BAJO LA SOMBRA DE UNA MENTIRA Capítulo V

Doña Claudia, apoyándose en su bastón, bajaba lentamente la calle del pueblo, cuando vio a Diego sentado en la piedra de la puerta de su casa. El muchacho tenía entre sus manos una vara de avellano que tallaba finamente con una navaja pequeña. La mujer sintió una ligera pena al ver al joven, pues sabía que no era santa de su devoción desde que recomendó a Marina para aquél trabajo de la ciudad. Era como si ella fuera la causante de que ellos se separaran y ya no se volvieran a ver. Hacía ya un mes escaso que Marina se había ido, y en el rostro del muchacho se había quedado una amargura desde entonces.

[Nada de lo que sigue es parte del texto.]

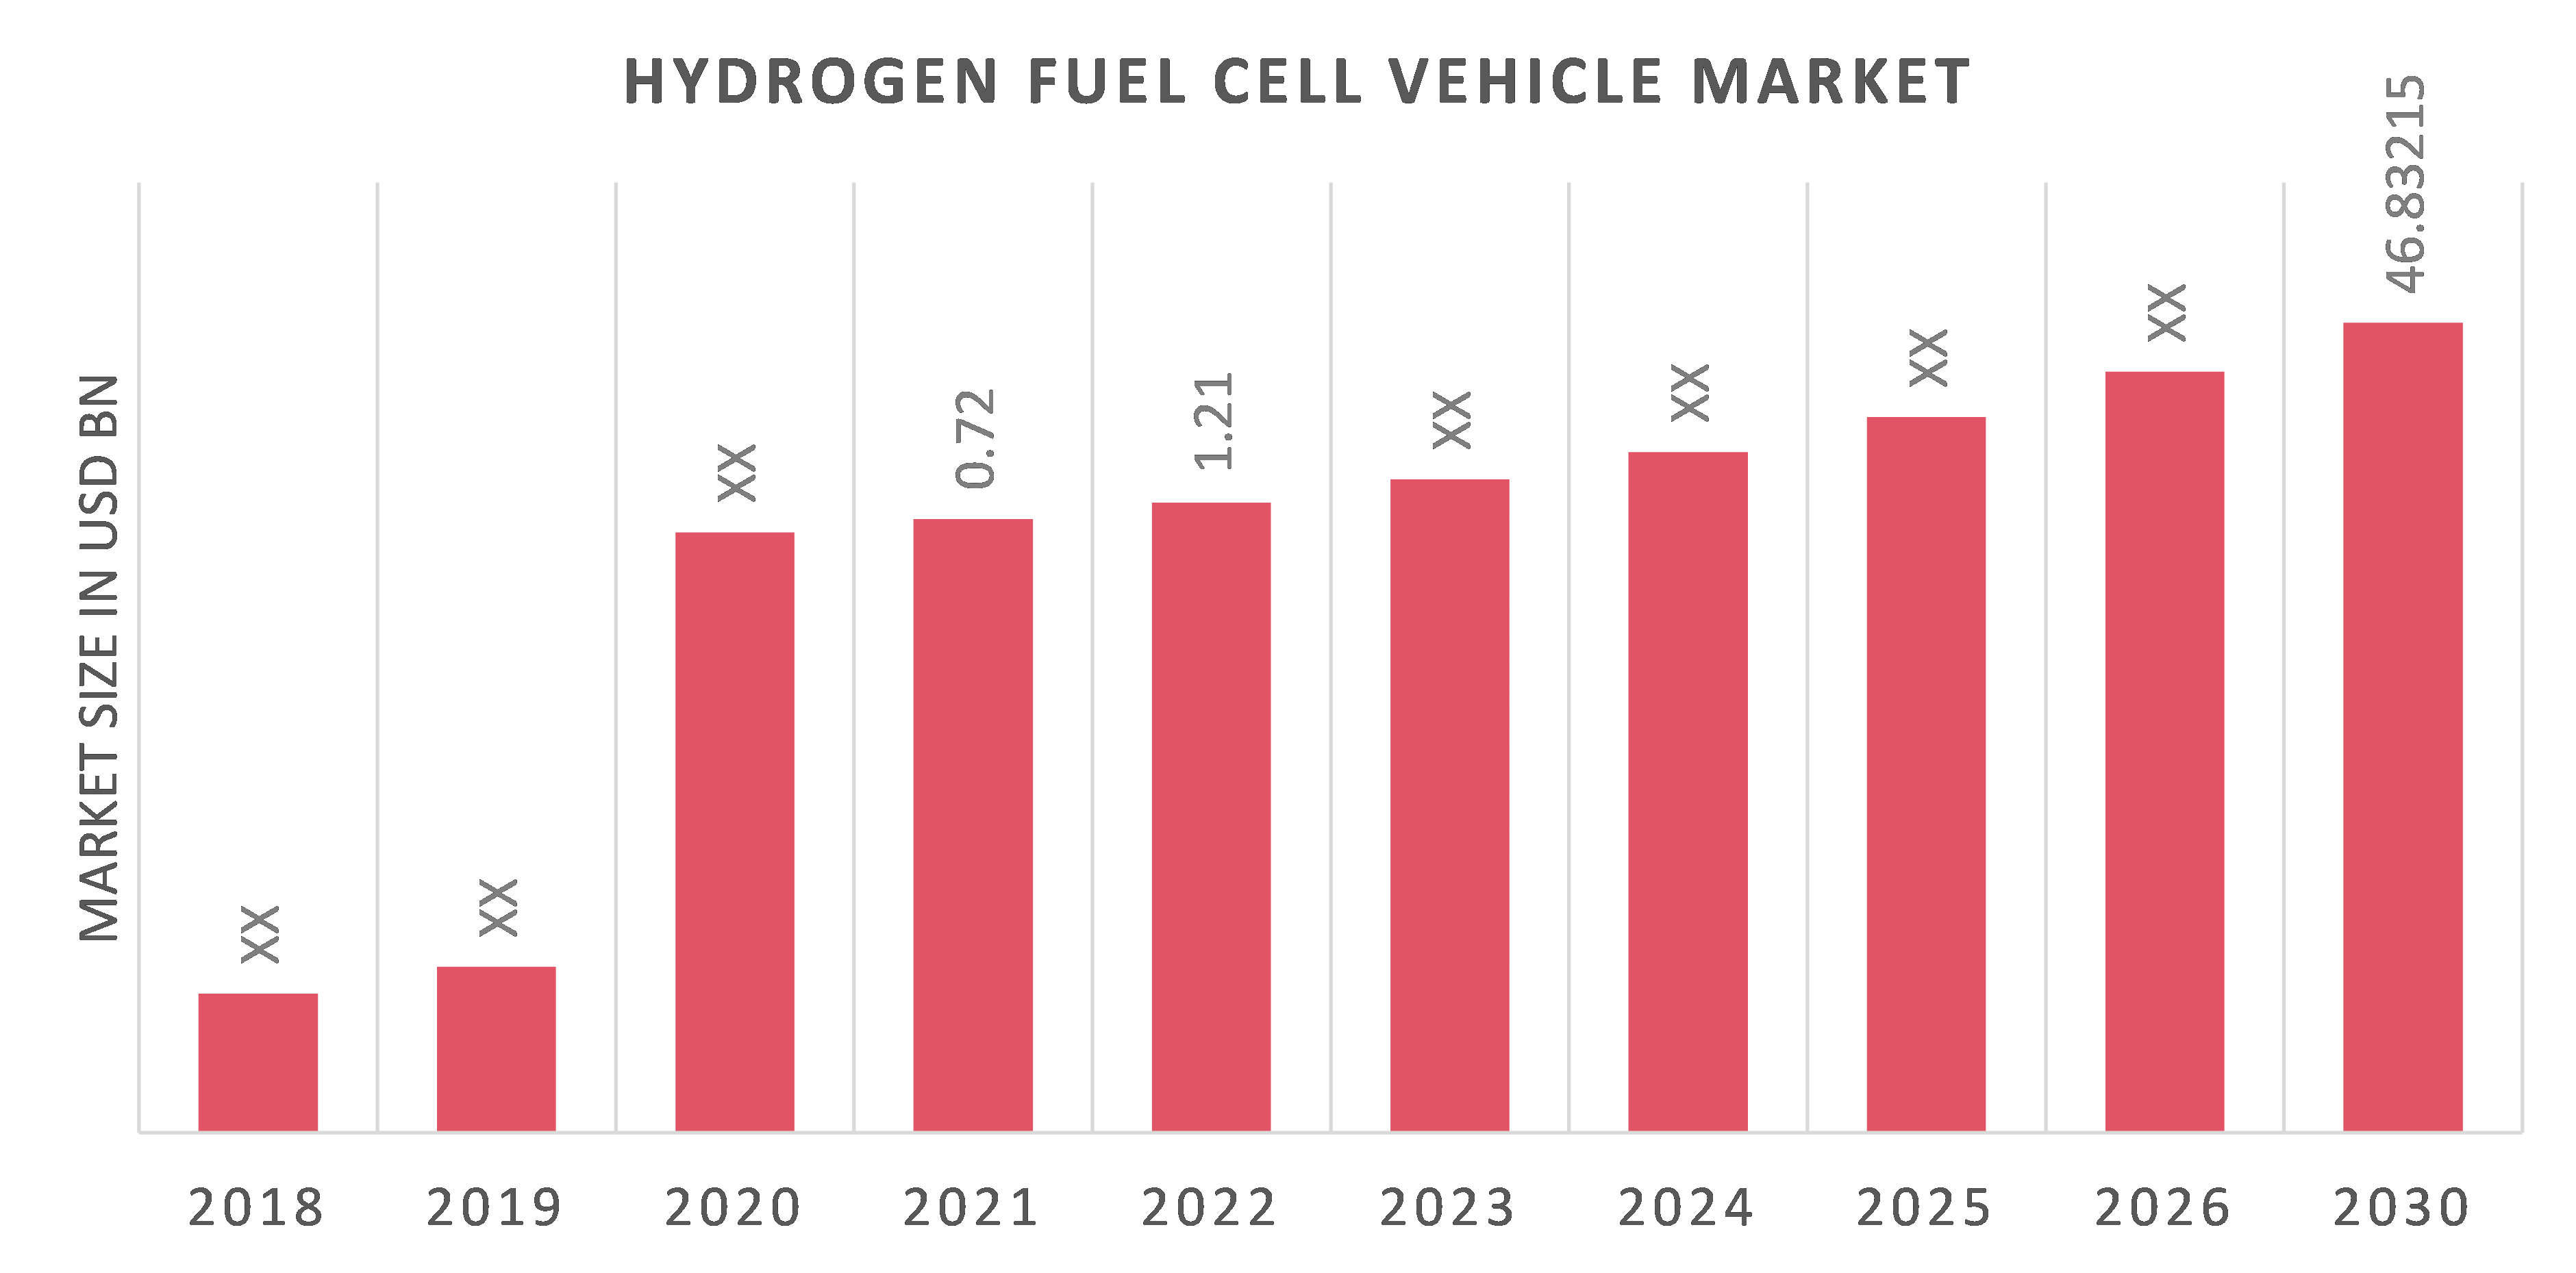 Global Hydrogen Fuel Cell Vehicle Market Overview

Se le veía con la mirada perdida, partiendo con rabia la leña, o cabalgando al galope por las laderas de las afueras del pueblo.
El joven era buen chaval  y aunque no lo decía, se le veía en sus gestos que maldecía su suerte, primero fue su madre quien se fue, el único ser que le había dado cariño, después la mala suerte de no poder ir a la capital a seguir con sus estudios y ahora... era Marina, aquél sueño de juventud se había ido lo mismo que se va la nieve del invierno cuando ya el sol calienta. En ella había puesto sus ilusiones, sus esperanzas del mañana...
Doña Claudia, se acercó lentamente a su lado.
- Buenas tardes, Diego.
- Buenas tardes.
- Siempre se te dio bien hacer cosas con las manos, aún me acuerdo cuando de niño intentaste hacer un caballo de madera, y no te quedó nada mal...
- Teniendo en cuenta que fue su difunto marido quien lo hizo.
Doña Claudia, al oír la respuesta seca y fría de Diego, entendió que el muchacho estaba más dolido de lo que ella creía. Así, que con su voz amable y dulce intentó suavizar el ambiente distante y frío que Diego marcaba en aquella conversación.
- Bueno, pero tú lo empezaste y no lo hiciste mal.
Marquitos, el pequeño pelirrojo, hijo de Angustias, bajaba corriendo la calle, como alma que lleva el diablo.
- Marquitos, hijo- ¿Dónde vas tan corriendo?- le preguntó Doña Claudia. Y Marquitos con la respiración agitada por la carrera traída le dijo:
- Vienen lo titiriteros, los titiriteros vienen.
Diego, que había dejado de tallar la vara, se quedó mirando al pequeño que corría calle abajo mientras seguía gritando:
- ¡Que vienen los titiriteros...!
- ¡Dios mío!- dijo Doña Claudia- hace tantos años que no venían al pueblo un circo ambulante así. No sé si te acordarás tú, Diego, o era muy pequeño.
- Sí me acuerdo, y me acuerdo como si fuera ayer.
Claro que se acordaba. Fue el día que conoció a Marina, el día que la vio por primera vez antes de que bajara a la escuela después del verano.
Aquél día habían llegado al pueblo una familia de gitanos ambulantes cargados con un carromato tirado por una mula y llevando con ellos un pero y una cabra. Jamás habían visto algo igual. Aquél carro pintado de vivos colores y con unas llamativas cortinas en la parte de atrás, de donde colgaban algunos clavos con cacerolas y cacillos. Una mula vieja, un matrimonio con un hijo pequeño y una hija, un perro blanco y una cabra era toda la troupe. Se aposentaron en uno de los prados a la entrada junto al río, y por la noche, después de hablar con el alcalde y obtener su permiso, montaron su número en la plaza del pueblo.